1. first, wash the sweet potatoes well.
2. place the potaotes in a pressure cooker. add water just about covering the potatoes. pressure
cook for 2 to 3 whistles or till the potatoes have cooked completely.
3. while the potatoes are cooking, in a separate pan, dry roast 4 tablespoons of urad dal, 4 to 6
kashmiri dry red chilies, 2 peppercorns at medium heat, until the urad dal turns golden brown.
turn off the heat, add the asafoetida and mix. then transfer these ingredients on to a plate and
allow them to cool.
4. once the cooker with the sweet potatoes has cooled down, open the lid, check using a fork to
make sure the potatoes are cooked through. if well cooked, transfer to a plate and peel once
cool enough to handle.
5. mash them well. allow to cool.
6. once the spices also have cooled, add them to a mixer grinder, add 4 tablespoons of grated
fresh coconut, 1 teaspoon of tamarind concentrate, pulse a couple of times without adding
water to break down the spices.
7. once they break down to a rough mixture, add the cooked mashed sweet potato, salt to taste.

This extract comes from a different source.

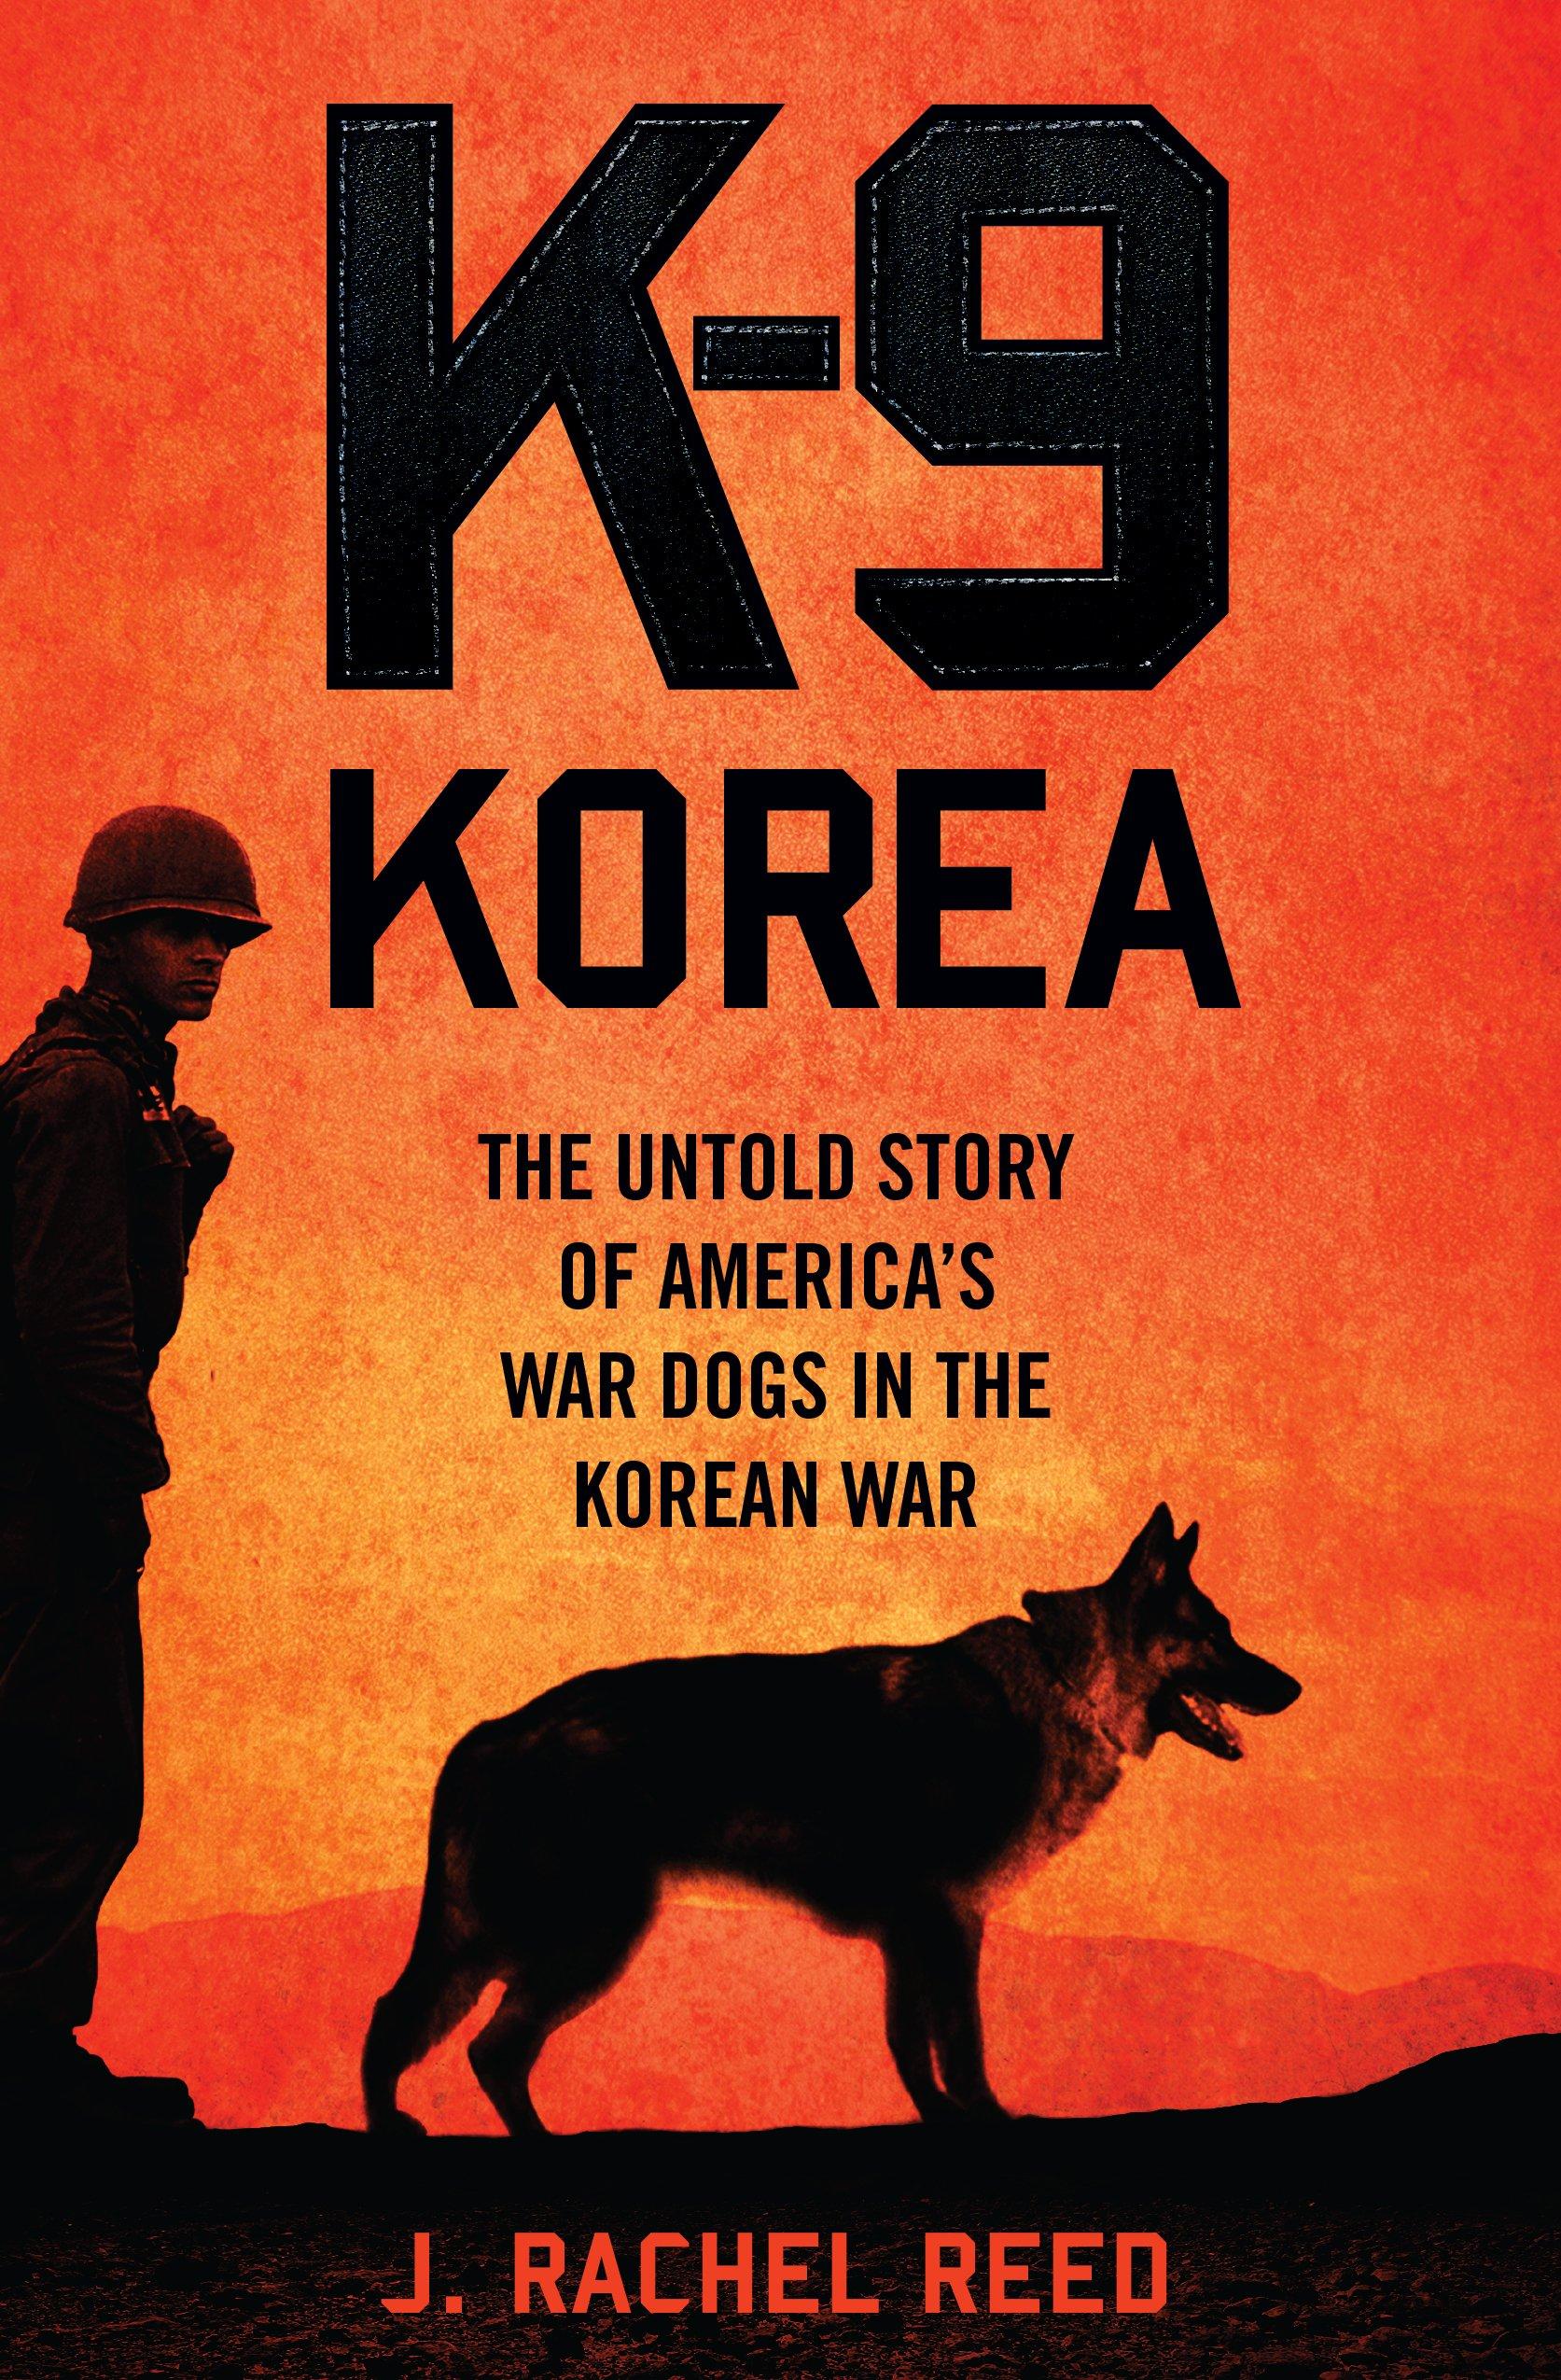 K 9 Korea Untold Americas Korean product image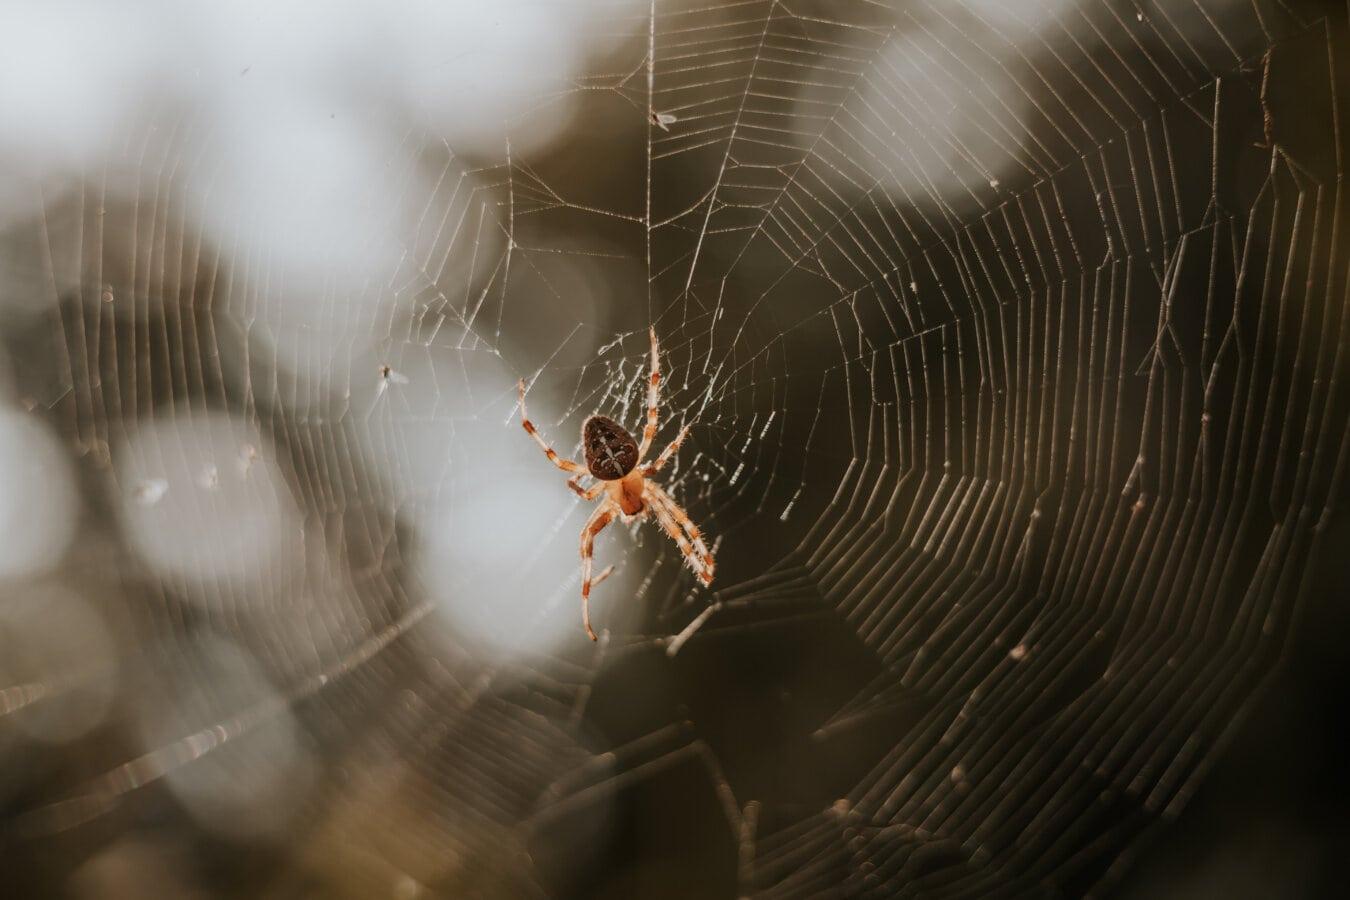 spider, spider web, animal, big, insect, backlight, trap, cobweb, spiderweb, danger

8. grind for a very short while so that everything gets mixed.
9. then add 1/4 to 1/2 cup of water and grind again until it forms a smooth paste.
10. make sure to add small amounts of water to bring it to the right consistency (thick dropping
consistency)
11. transfer to a bowl.
12. prepare tempering by heating 2 teaspoons of oil in a small pan.
13. add mustard seeds and allow them to splutter. add asafoetida (hing).
14. turn off the heat. transfer the tempering to the chutney.
15. serve sweet potato chutney with roti/chapati/rice or as an accompaniment.